Paulette Haupt: They are?
Marc A. Scorca: Yep. It is the rare exception, because we still make grants for new work. So we see all of these applications, and it is the rare exception when a composer is not doing the orchestration.
Paulette Haupt: Wow. That's interesting.
Marc A. Scorca: Yeah. There's lots of disagreement about whether they compose straight to full score the way Carlisle Floyd always composed to full score, or whether they do first piano, and then orchestrate. So there's always a big discussion about that, but most of the composers you hear of today do their own orchestration.
Paulette Haupt: Wow. That's great.
Marc A. Scorca: That's why it takes three years to do an opera.
Paulette Haupt: That's right. So if I were to go to an opera next week, what should I see?

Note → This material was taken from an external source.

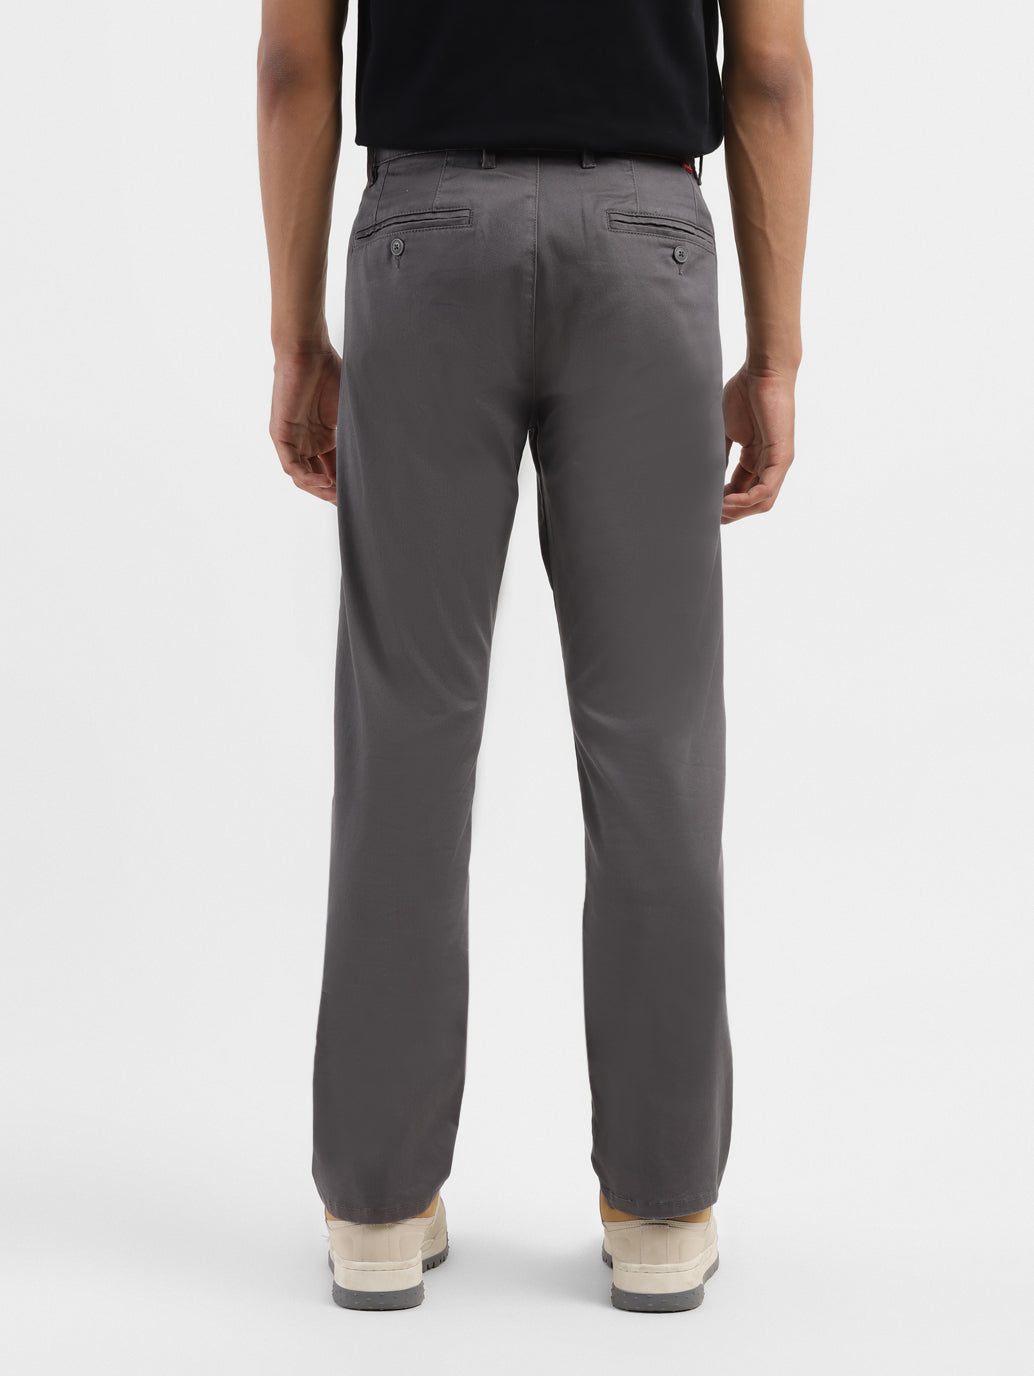 Men's Men's Grey Slim Fit Trousers

Marc A. Scorca: Goodness gracious. There are so many interesting new works that are out there right now. And what's kind of wonderful Paulette, is the variety of scope and style. So, whether it's Jeanine Tesori's opera Blue, which is being performed by a number of companies; the operas of Terence Blanchard, Champion, and Fire Shut up in my Bones; Kevin Puts, his opera Silent Night that won the Pulitzer Prize for music a few years ago.

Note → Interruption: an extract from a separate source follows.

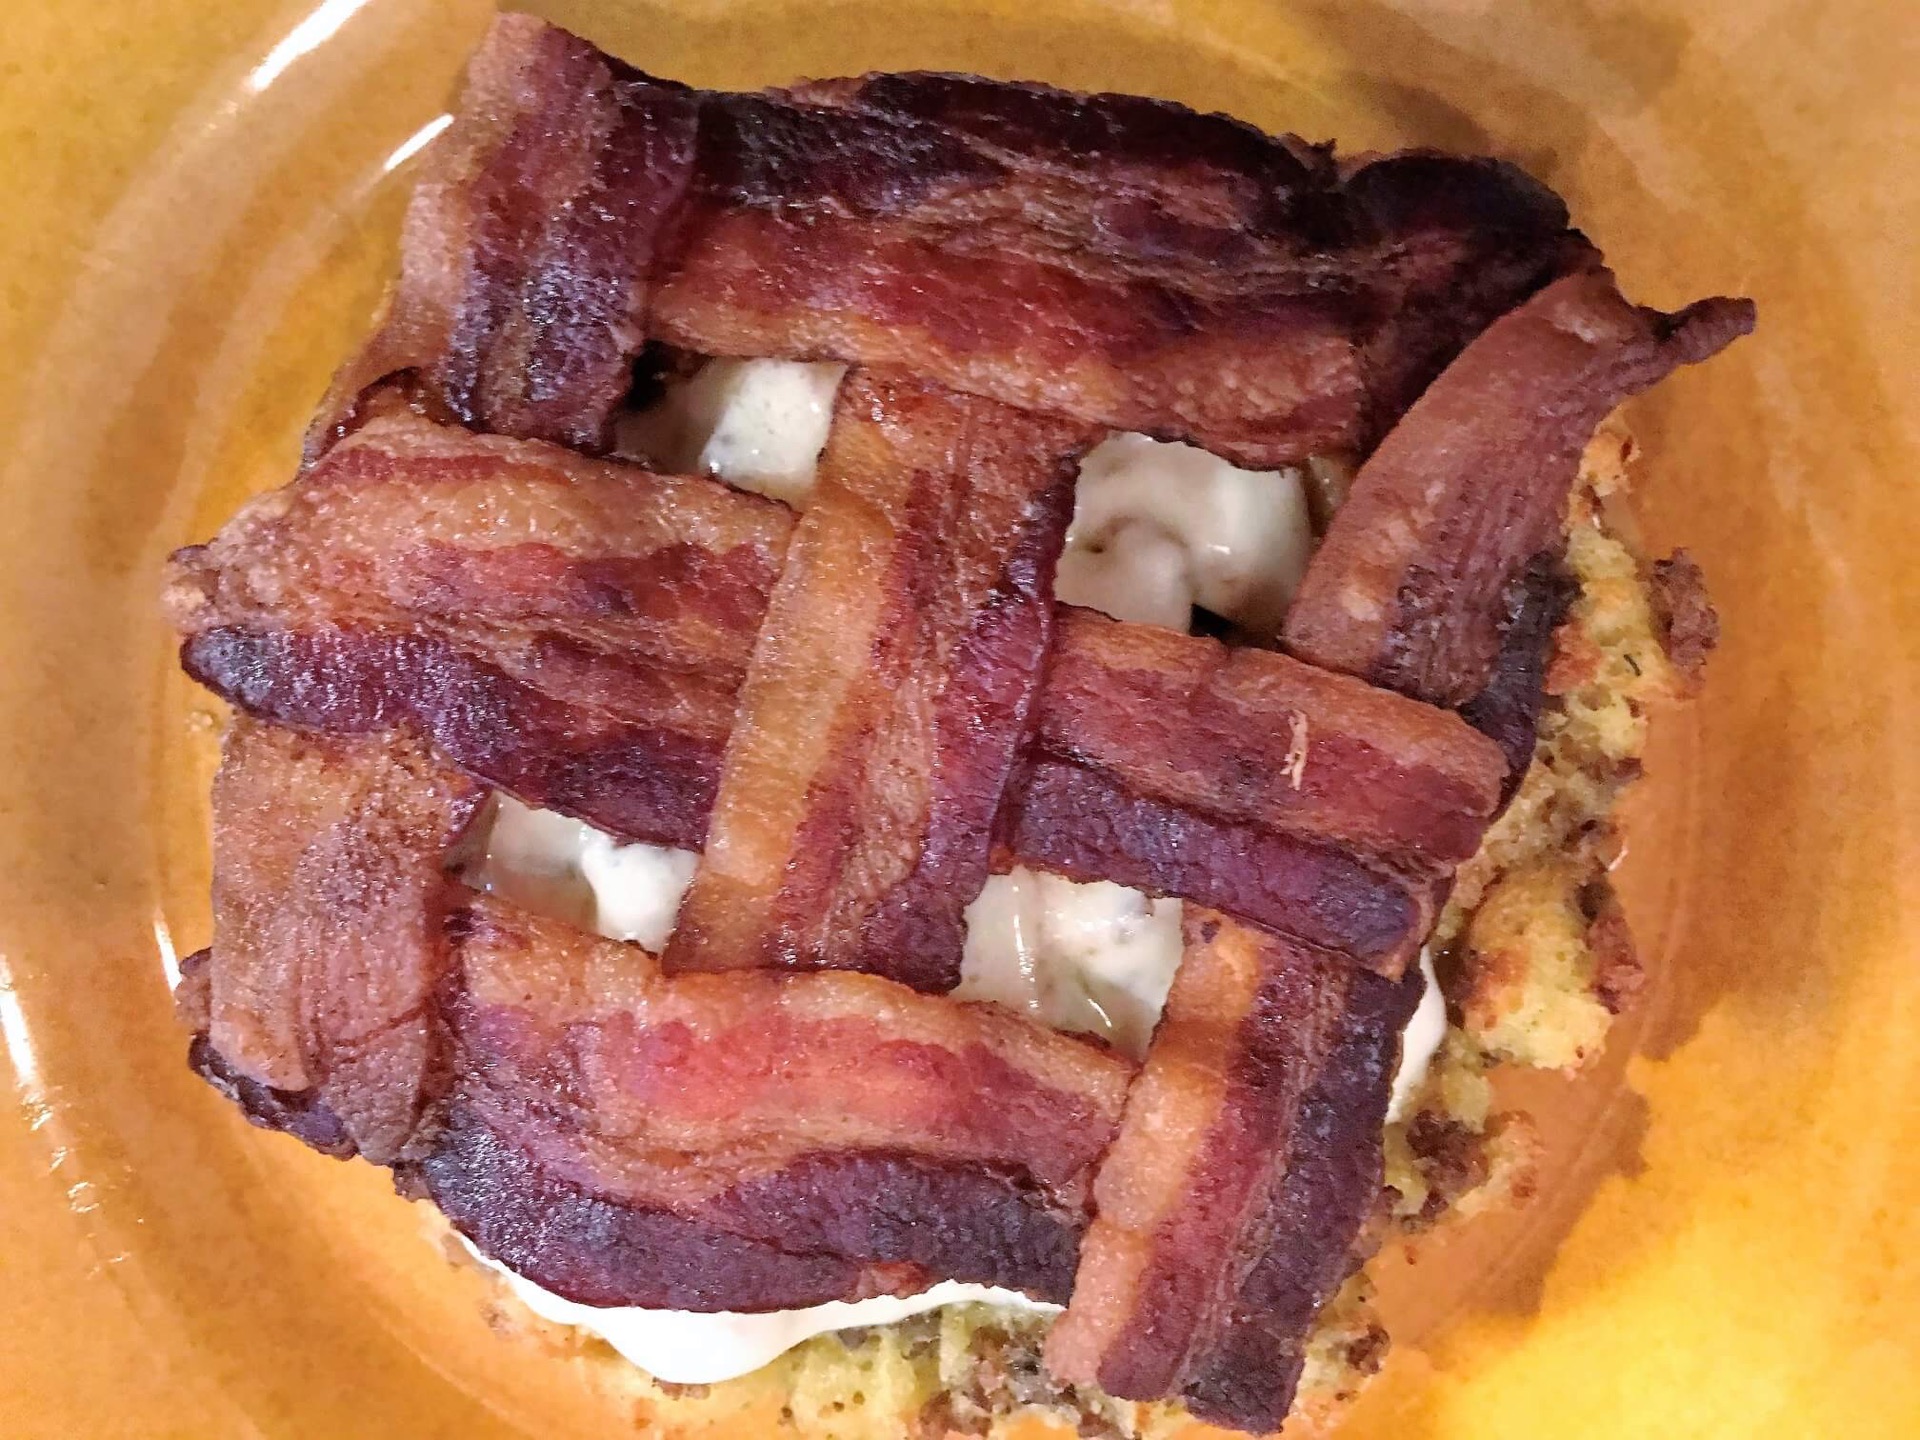 Crispy bacon in a basket-weave pattern atop a breakfast dish

Paulette Haupt: Mark Campbell, right?
Marc A. Scorca: Libretto, Mark Campbell: absolutely. Kevin Puts has the new opera coming at The Met - The Hours - this year. The opera, Fellow Travelers by Gregory Spears, being performed around a lot. Laura Kaminsky's As One: Mark Campbell also was a co-librettist on that. Some of them are large scale, like Kevin Puts opera, Silent Night; some of them are small ensemble, like Laura Kaminsky's As One; some are in the middle like Fellow Travelers or Blue, so there's a real variety. Some of them infused with jazz; some of them really kind of rooted in the classical tradition. Then there's the whole experimental wing: operas by David T. Little and Du Yun; the wonderful work of Huang Ruo. So, it's quite remarkable. Lovely too these days, although so sad that he passed, the works of Daniel Catán and Florencia en el Amazonas, and Rappaccini's Daughter - really wonderful works. But again, a huge variety from experimental to romantic, based on literature or based on current events, there's a huge variety, and all of these orchestrated by the composer.
Paulette Haupt: All? Even Jeanine Tesori's, also?
Marc A. Scorca: Yep.
Paulette Haupt: Wow. Good for her. That's good to know.